El desánimo aparece en su rostro cuando le pregunto por el futuro. “El chicle lo llevo estirando bastante tiempo, siete u ocho años”, responde. “Está a punto de romperse. No creo que llegue a final de año. Estoy muy quemado. Me aburro mucho. Pero es una situación complicada: por un lado soy joven y me queda mucha vida laboral por delante, pero por otro, a partir de los 50 es más difícil empezar de cero con otro trabajo. Estoy preguntando si necesitan porteros de fincas. En diez años o menos, esto morirá. Cuando hablas con otros kiosqueros, ves que les está pasando lo mismo”.
“No tenemos descanso”
Los datos refrendan la caída en picado de estos entrañables comercios. Según Miguel Fernández, autor del libro Aquellos maravillosos kioscos, hace veinticinco años había censados en España en torno a 20.000. Entre 2012 y 2021 cerró un 44%. En la actualidad, solo quedan 4.252 en territorio nacional; una quinta parte de los que existían un cuarto de siglo atrás. En 2022, el porcentaje de población española que leyó periódicos impresos de tirada diaria fue del 13,7%; en 2008 era del 42%.
“Las personas mayores son las que siguen comprando, si no fuera por ellas… La juventud no consume nada”, dice Isidoro (56), otro de estos supervivientes, que opera en la Avenida de la República Argentina de Sevilla. “Estoy en los Remedios, una zona de clase media-alta, y todavía me quedan lectores, pero cuando van falleciendo, se pierde el cliente y la venta, porque los hijos no continúan”, explica.

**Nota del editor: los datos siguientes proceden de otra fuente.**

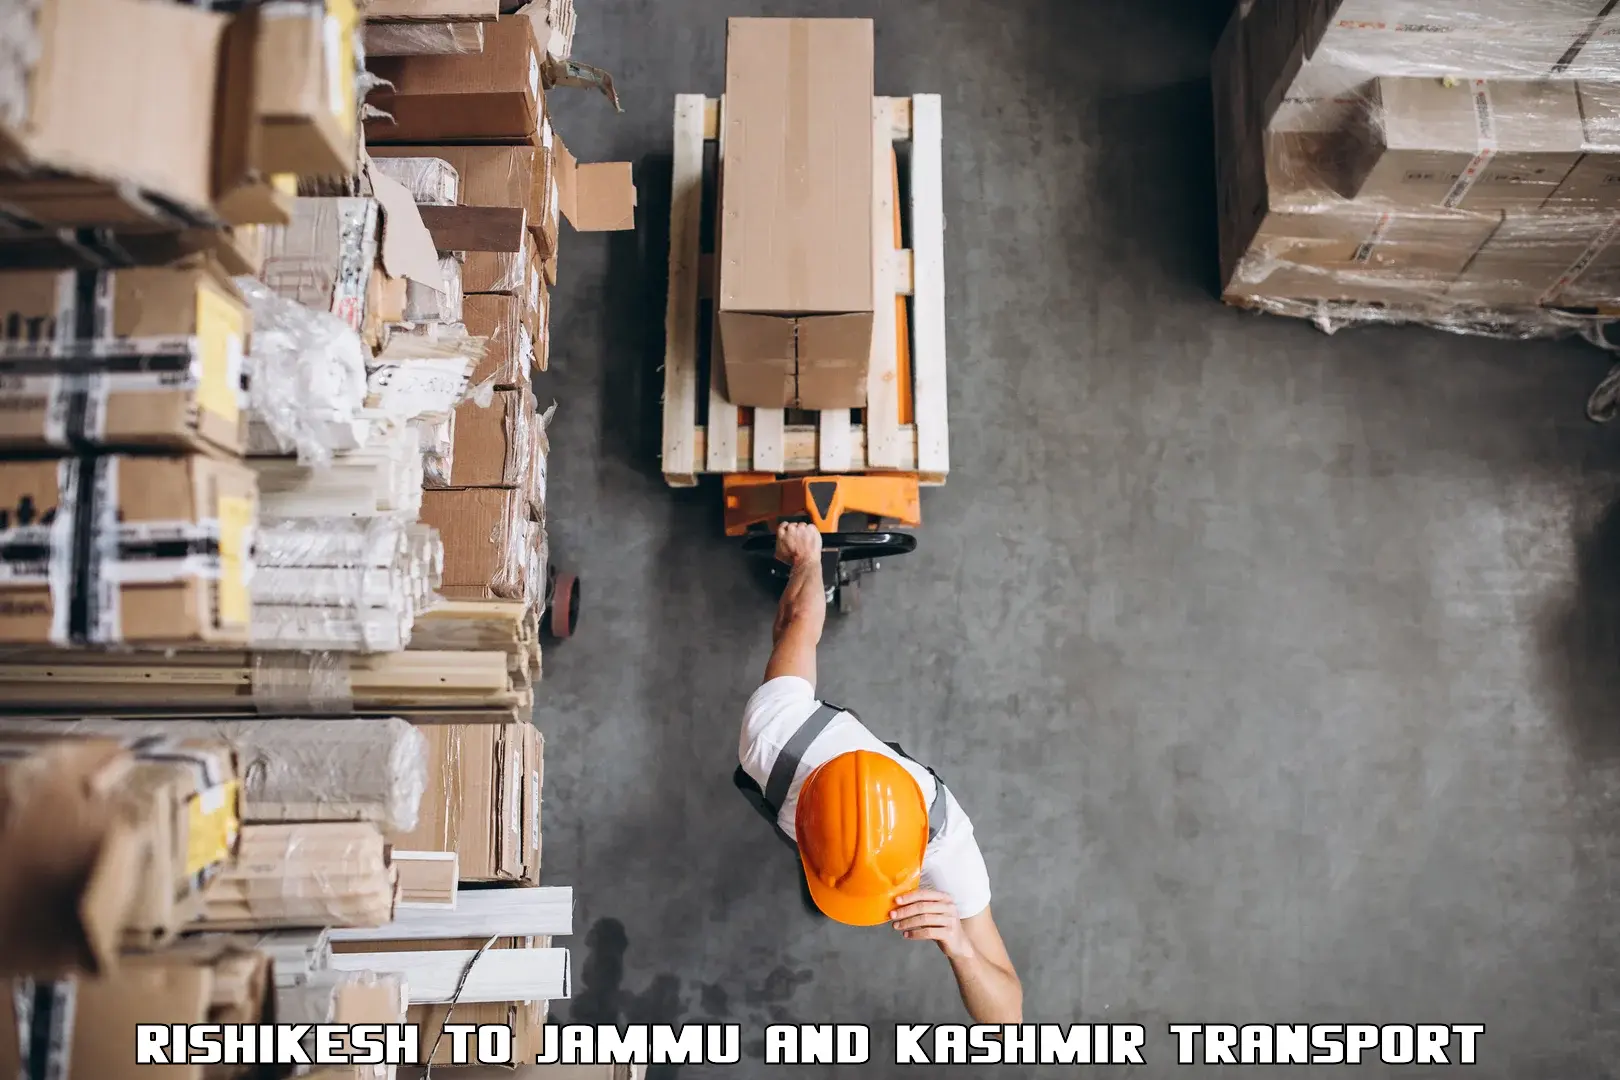 Shipping partner Rishikesh to Katra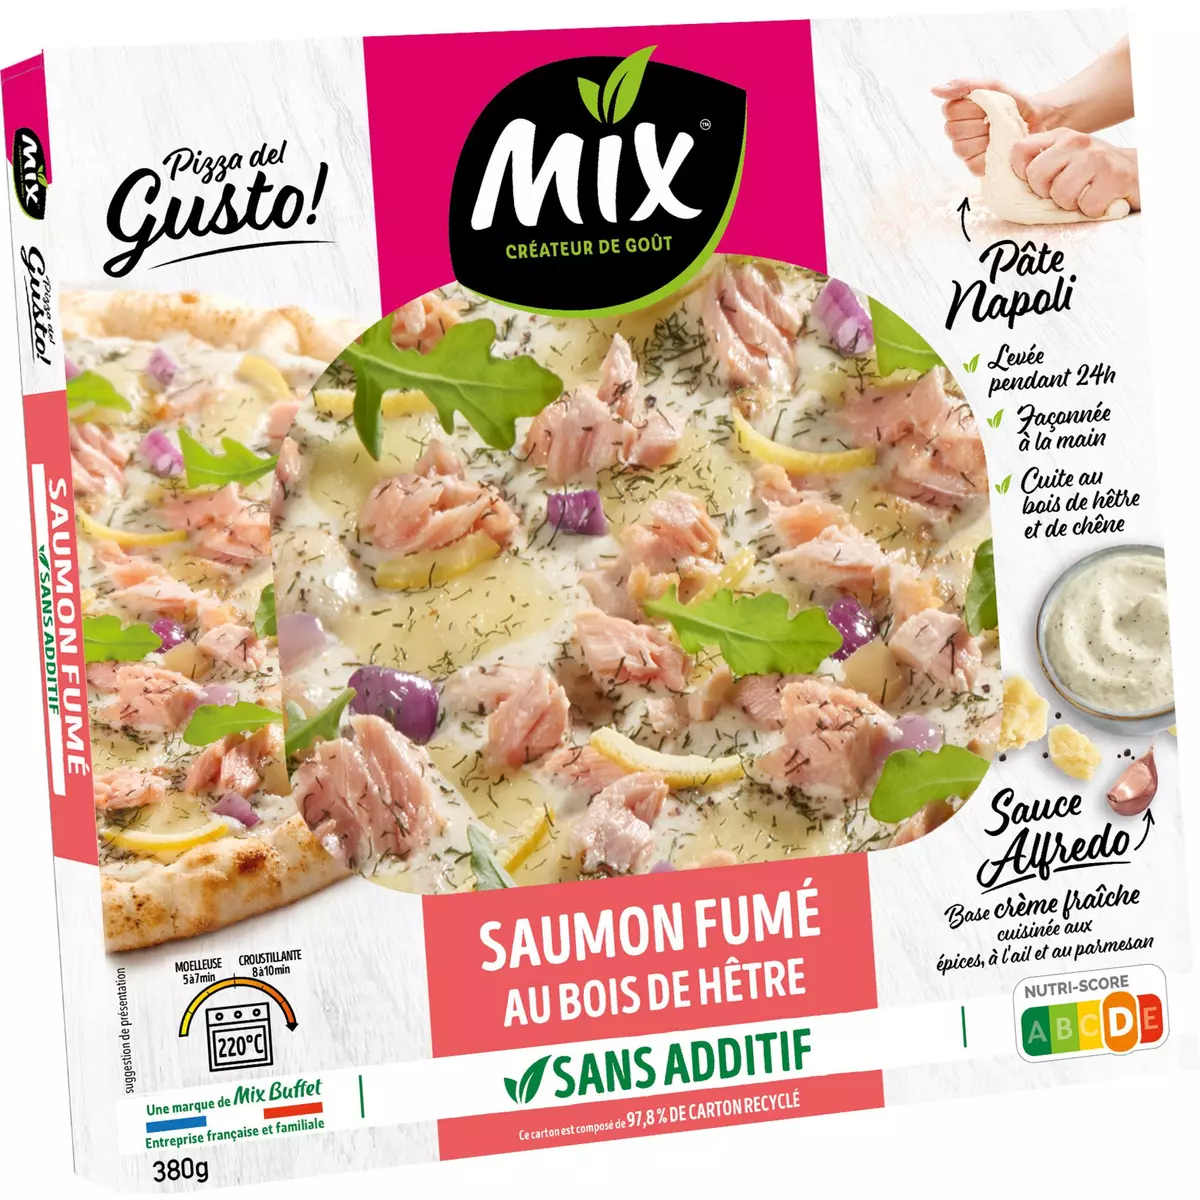 MIX Pizza del gusto saumon fumé au bois de hêtre sauce alfredo à partager 380g

Lleva treinta y cinco años vendiendo prensa; se inició siendo aún muy joven, echando una mano a su padre. Desde su atalaya de papel ha sido testigo de excepción de la dramática evolución del negocio. “Todo empezó cuando llegó la prensa por Internet”, señala. Como tantos otros, buscó en la diversificación su tabla de salvación: vende también cupones de la ONCE (es punto de venta autorizado), chucherías y brinda servicio de entrega y recogida de paquetes. Con todo, el 75% de su facturación proviene de los periódicos y las revistas.
La obligación de estar al pie del cañón prácticamente todos los días del año se le hace cada vez más cuesta arriba. Sus horarios son extenuantes: por las mañanas abre de seis y media a dos y media; por las tardes, de cinco a ocho. Los fines de semana despacha hasta las tres. “No tenemos descanso. Pero, por desgracia, es la única realidad que he conocido. Ahora bien, eso a la juventud no le gusta. Tengo una hija y no quiere seguir con el kiosco ni en sueños. Ni yo quiero que siga”, dice. Isidoro aguarda con impaciencia el día en que pueda jubilarse. “El futuro es fatal”, vaticina. “No tengo ya trascendencia. Cuando pueda retirarme, que espero que sea lo antes posible, el kiosco desaparecerá”.